Call for Czechs to reclaim lost literary heritage by buying Franz Kafka letters

Franz Kafka

Preparations are being made to recover what is being dubbed a part of the lost literary heritage of Prague and the Czech Republic. These are some of the many letters written by world renowned author Franz Kafka of which almost no examples are left in his homeland.

Franz Kafka
Czech-German writer Franz Kafka spent most of his life in Prague and his last years in what was then Czechoslovakia. As well as his three main novels, The Trial, The Castle and The Metamorphosis, he was an inveterate writer of letters to those close to him. Unfortunately hardly anything in his original hand remains in his homeland. That is something the Prague-based Franz Kafka Society is now seeking to remedy.

The opportunity to do so could come up at a sale in a famous Berlin auction house next month. Under the hammer will be around 100 letters and other correspondence between Franz Kafka and his youngest sister, Ottla. The society has made a call on the culture minister, foreign minister and governor of the national bank, amongst others, to secure the letters for the nation.

Markéta Mališová is director of the society.
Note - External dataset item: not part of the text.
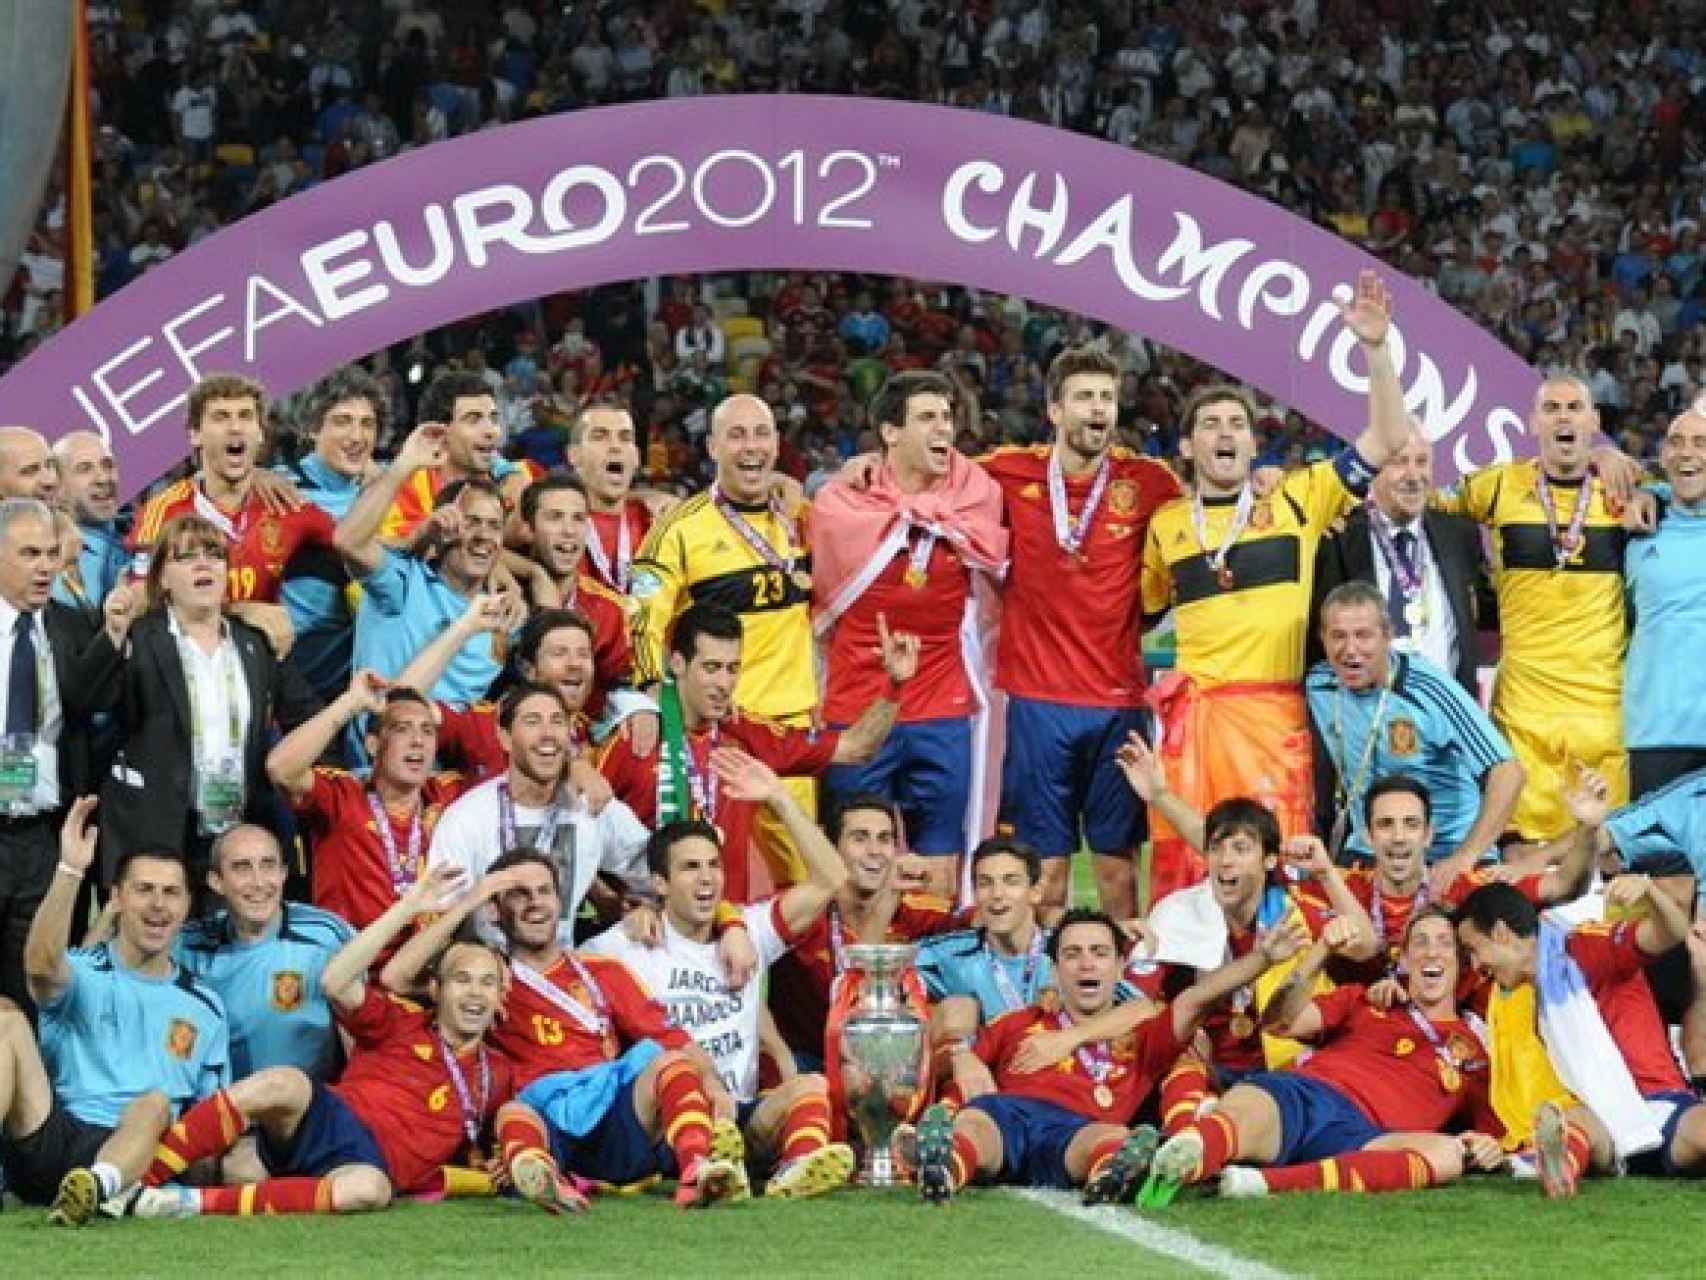 La selección española de fútbol celebra la Eurocopa de 2012. Efectivamente, no hubo dos sin tres pero sí ha habido tres sin cuatro.

Franz Kafka with his sister Ottla
“Kafka’s deepest feelings were written down. If you want to get a rounded picture of Kafka then you can get it through his letters. They are not just messages but literary compositions and examples of his carefully honed phrases and extraordinary impressions. You can find all that in his letters. I would recommended them; his letters to his friends, Max Brod and sister Ottla. It is an inseparable part of Kafka’s work.”

These letters are believed to have made their way out of the country, like most of the rest of the author’s literary legacy, in the 1960s. As a Jew his works were banned by the Nazis and found little favour amidst the latent anti-Semitism of the Communist regime in the 1950’s.

“Kafka was a very neglected author here. I could almost say that he was banned. Everything that was available gradually disappeared or was taken away. There was nothing stored, there was no archive. Here in the Czech Republic there are just a few official documents by him, maybe one or two letters, I’m not sure. But basically everything in his hand was taken away and is now in private collections or in the German literary archive in Marbach.”

Kafka's letter to his father
But the bidding is expected to be fierce for the collection of Kafka letters given the worldwide international interest from collectors and institutions. Estimates range from 500,000 to 700,000 euros for the lot. In an age of austerity can Czech public finances afford to make a bid for the letters. Markéta Mališová prefers to flip that question by asking can the Czech Republic afford not to acquire them.

“Kafka is like a cultural monument of the nation and Prague. When you look for the cultural personalities of our country, the representatives of our country culturally abroad, I would say it is Franz Kafka, Antonín Dvořák, and Václav Havel. I would say these are the ones you most hear about in the world.”